▸ WHAT IS BEING ASKED
Taking the line with "the Year 2018" as the first and the line with "Dura Home Brand" as the last, set down the lines below exactly, pictures excluded.

▸ THE INPUT

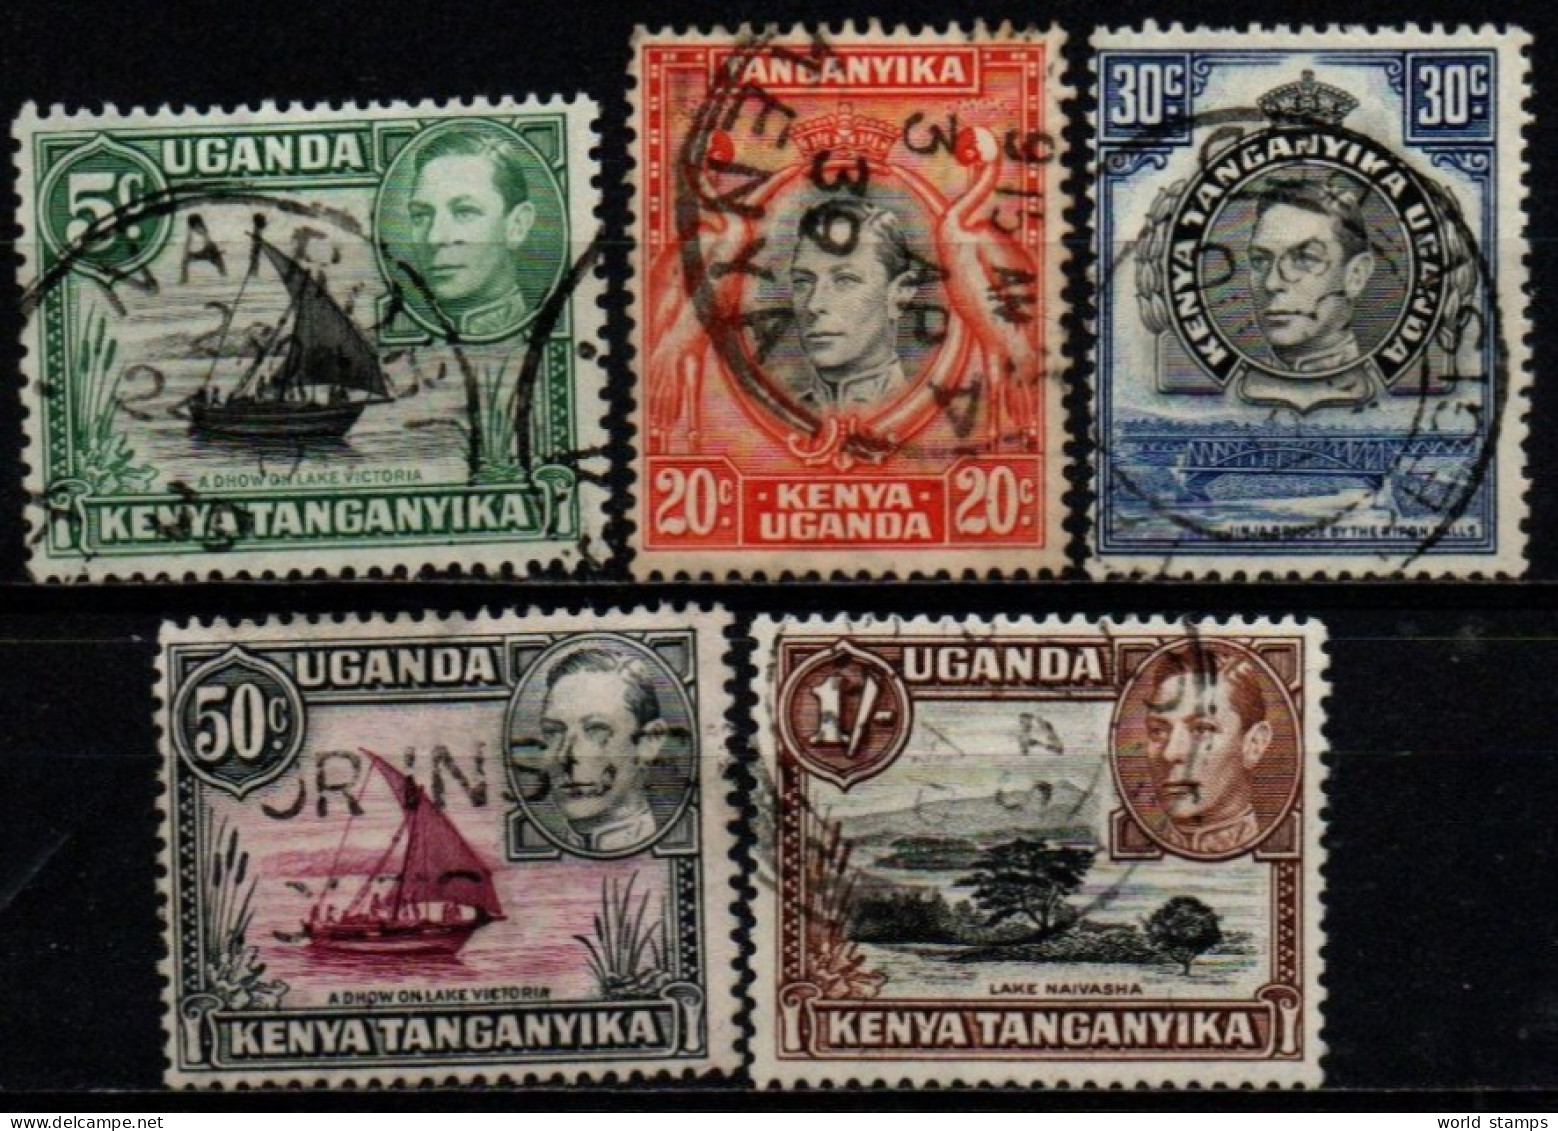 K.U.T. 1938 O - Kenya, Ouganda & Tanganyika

==

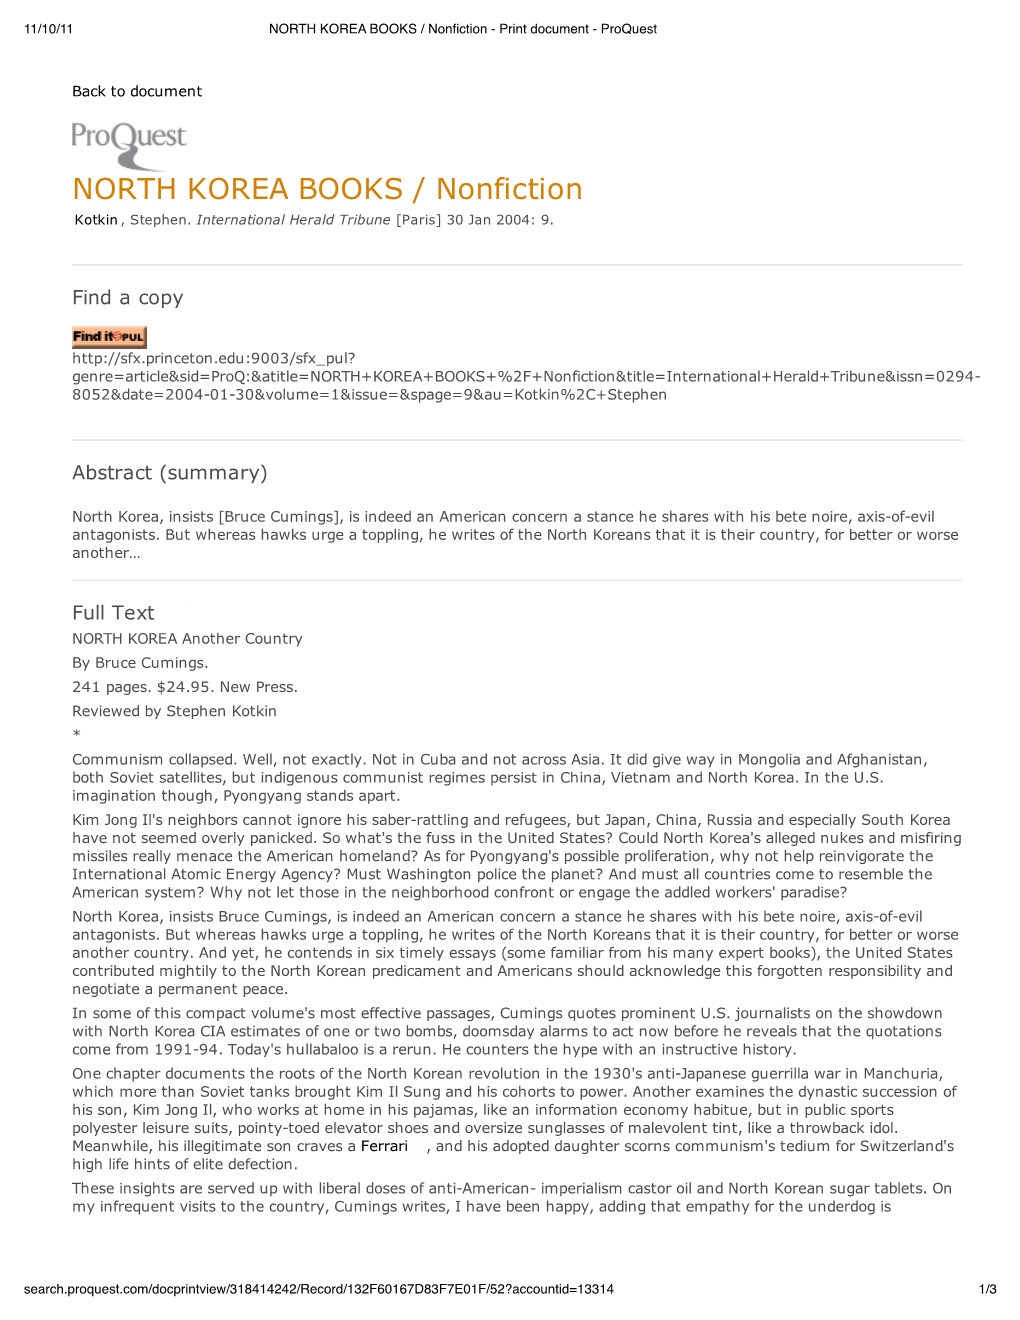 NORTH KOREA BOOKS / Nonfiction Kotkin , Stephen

---

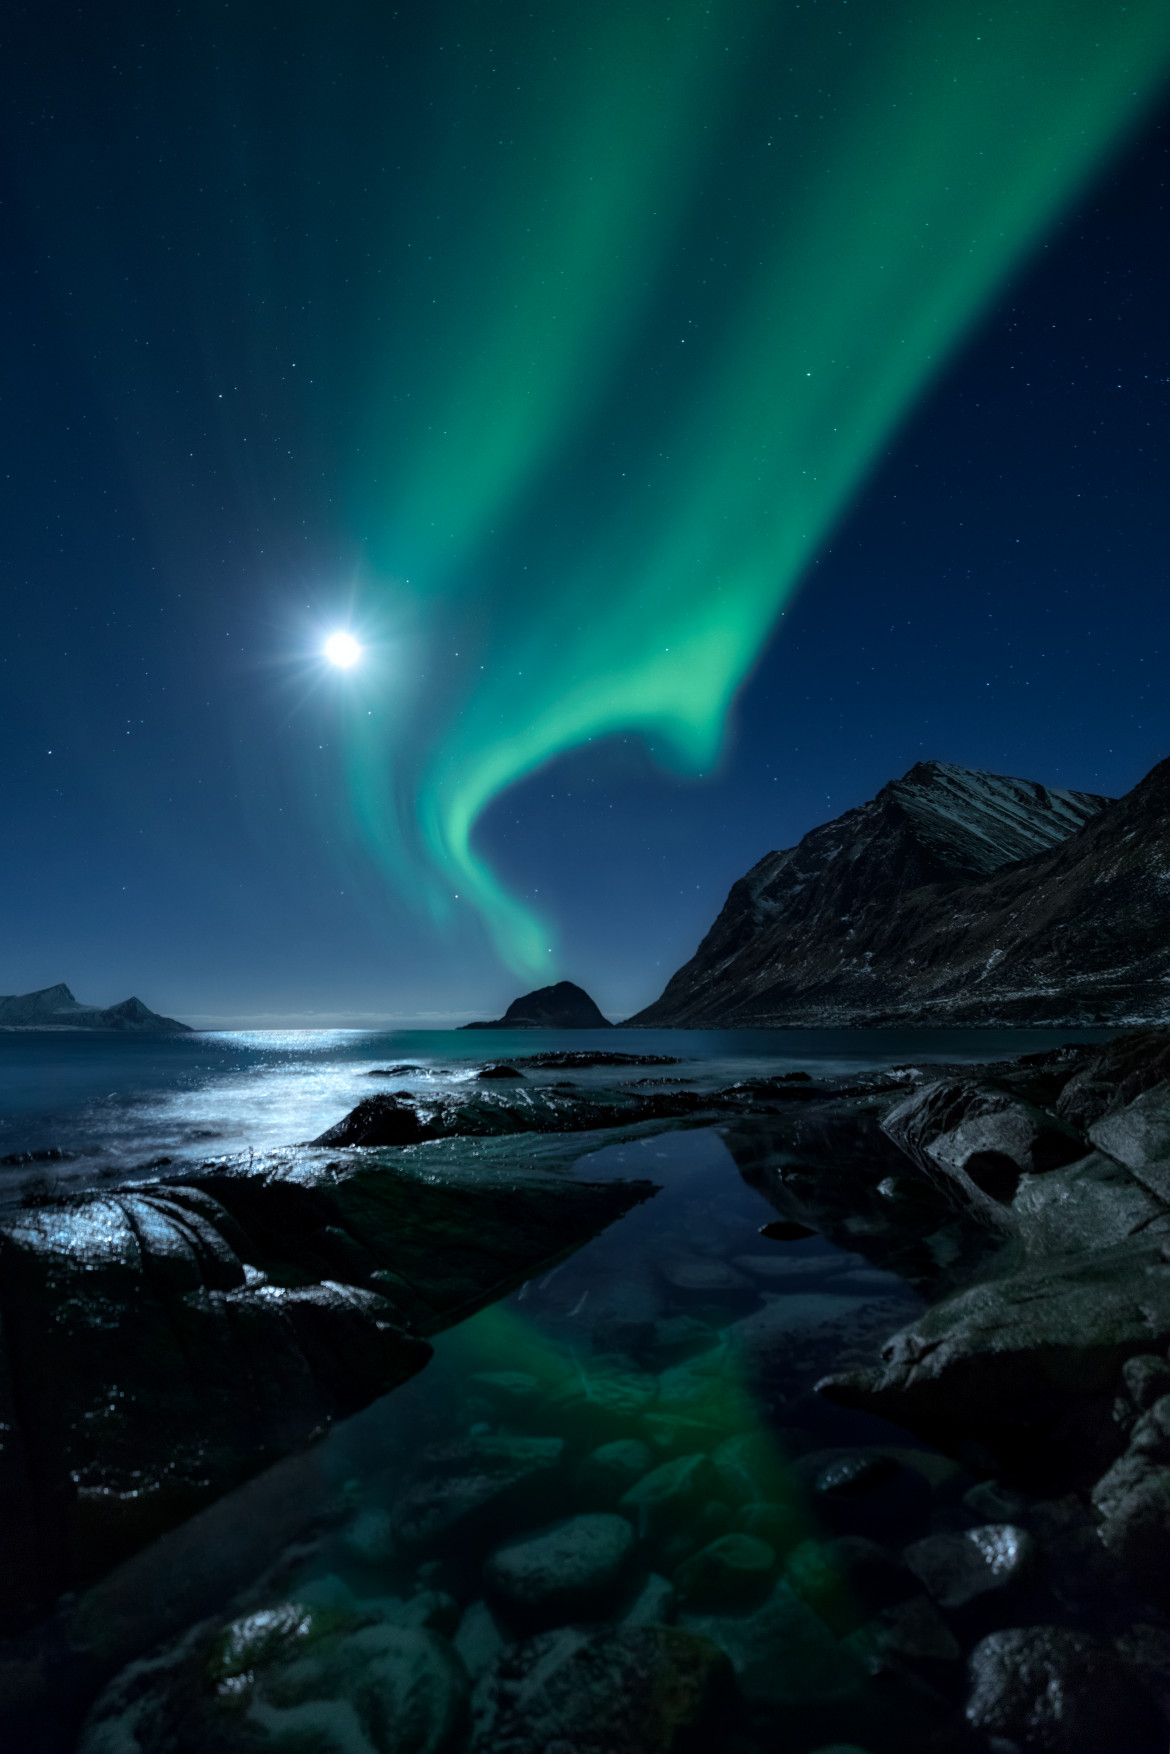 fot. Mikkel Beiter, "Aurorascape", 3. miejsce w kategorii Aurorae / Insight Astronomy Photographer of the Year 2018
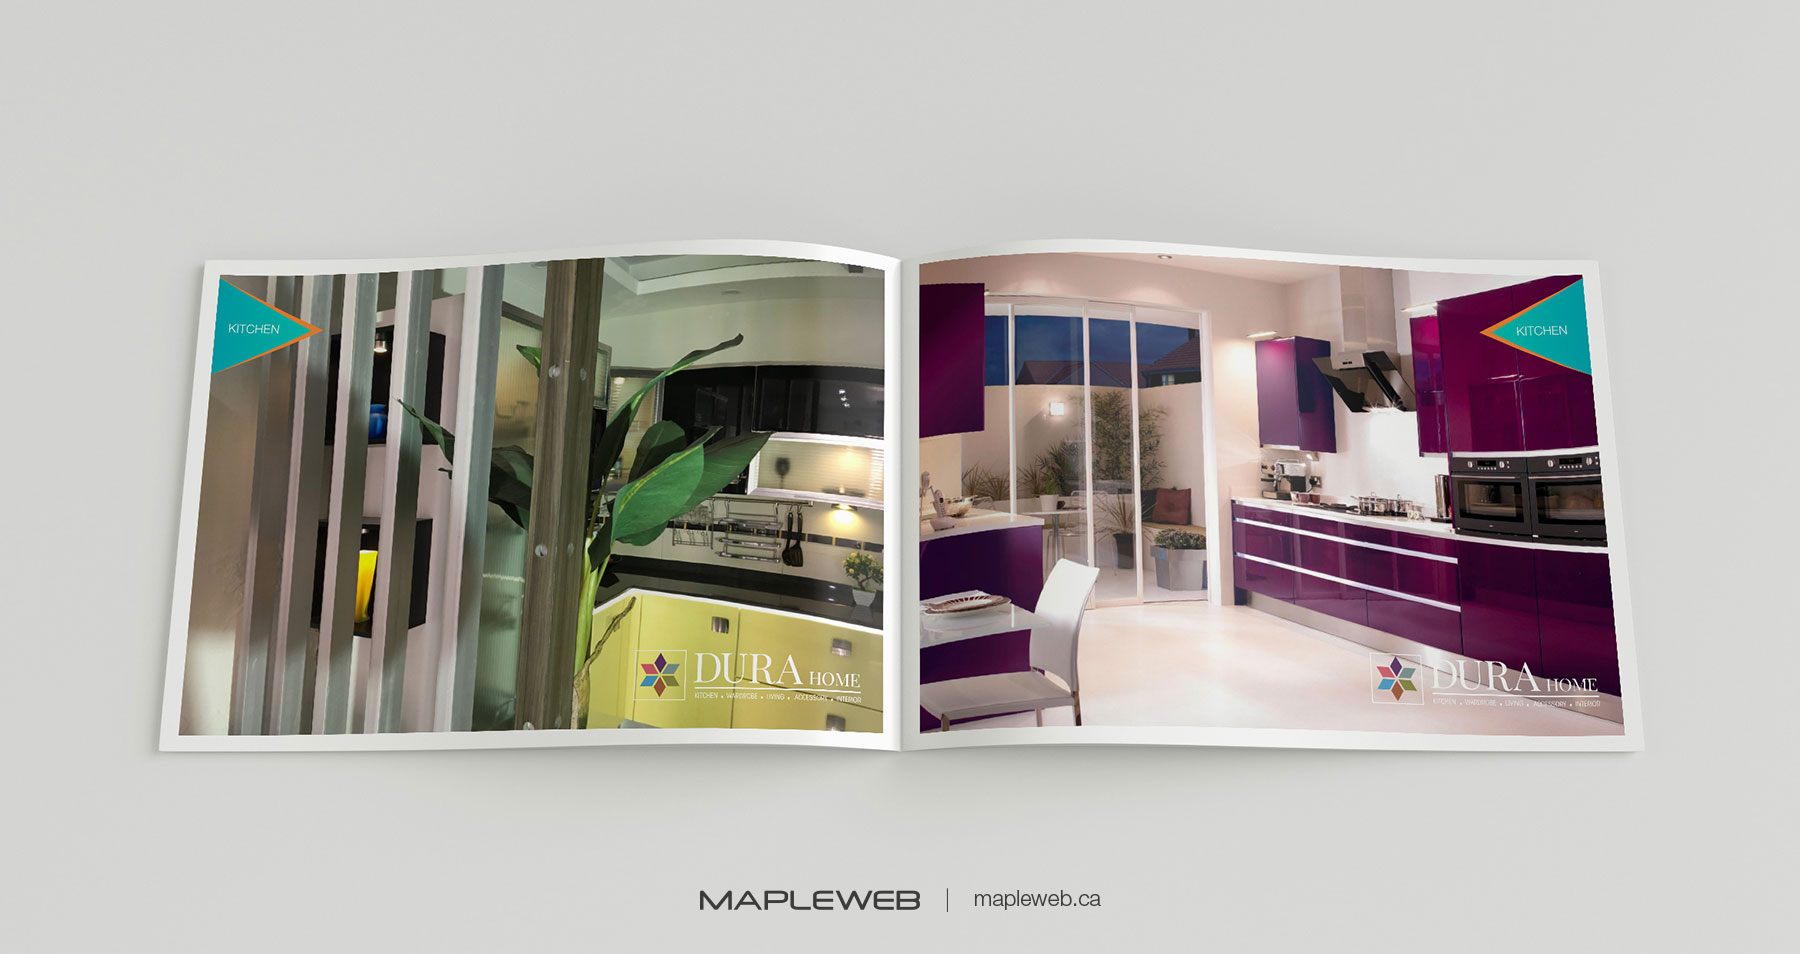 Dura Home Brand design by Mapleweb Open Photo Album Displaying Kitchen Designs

▸ ANSWER FOR THIS EXERCISE
 fot. Mikkel Beiter, "Aurorascape", 3. miejsce w kategorii Aurorae / Insight Astronomy Photographer of the Year 2018
 Dura Home Brand design by Mapleweb Open Photo Album Displaying Kitchen Designs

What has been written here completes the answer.